Items from a data source
=======
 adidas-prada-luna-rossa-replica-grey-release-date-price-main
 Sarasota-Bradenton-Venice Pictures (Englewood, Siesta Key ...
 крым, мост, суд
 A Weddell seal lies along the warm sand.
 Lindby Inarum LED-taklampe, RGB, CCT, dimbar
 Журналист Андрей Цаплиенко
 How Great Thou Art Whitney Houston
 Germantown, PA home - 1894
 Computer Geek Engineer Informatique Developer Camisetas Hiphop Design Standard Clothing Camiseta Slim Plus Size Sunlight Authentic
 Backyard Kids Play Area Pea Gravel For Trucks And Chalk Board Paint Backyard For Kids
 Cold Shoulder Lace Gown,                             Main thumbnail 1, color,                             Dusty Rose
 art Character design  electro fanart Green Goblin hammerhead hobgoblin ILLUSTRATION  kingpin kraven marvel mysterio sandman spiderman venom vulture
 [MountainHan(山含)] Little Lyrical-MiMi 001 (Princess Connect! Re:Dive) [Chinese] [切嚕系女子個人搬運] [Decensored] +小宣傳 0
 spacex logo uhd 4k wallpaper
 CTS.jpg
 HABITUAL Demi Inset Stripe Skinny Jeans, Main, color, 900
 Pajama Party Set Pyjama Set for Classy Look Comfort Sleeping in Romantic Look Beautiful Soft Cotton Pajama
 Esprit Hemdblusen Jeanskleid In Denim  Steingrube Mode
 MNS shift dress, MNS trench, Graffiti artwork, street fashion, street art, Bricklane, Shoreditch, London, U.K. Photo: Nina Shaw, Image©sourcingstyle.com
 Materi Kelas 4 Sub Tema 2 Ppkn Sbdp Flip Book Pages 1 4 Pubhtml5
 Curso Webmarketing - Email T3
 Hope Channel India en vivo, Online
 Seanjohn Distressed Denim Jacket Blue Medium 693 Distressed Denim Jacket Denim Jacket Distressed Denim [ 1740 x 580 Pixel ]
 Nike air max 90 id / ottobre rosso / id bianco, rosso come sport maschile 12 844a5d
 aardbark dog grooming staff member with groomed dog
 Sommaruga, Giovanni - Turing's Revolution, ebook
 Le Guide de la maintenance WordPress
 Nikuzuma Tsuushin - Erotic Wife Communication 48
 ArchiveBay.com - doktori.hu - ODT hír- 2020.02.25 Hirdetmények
=======
**WORK ITEM:** Above are records; repeat only the lines starting at the line with "HABITUAL Demi Inset" and ending at the line with "Esprit Hemdblusen Jeanskleid", exactly as they appear, both included.

**EXPECTED ANSWER:**
 HABITUAL Demi Inset Stripe Skinny Jeans, Main, color, 900
 Pajama Party Set Pyjama Set for Classy Look Comfort Sleeping in Romantic Look Beautiful Soft Cotton Pajama
 Esprit Hemdblusen Jeanskleid In Denim  Steingrube Mode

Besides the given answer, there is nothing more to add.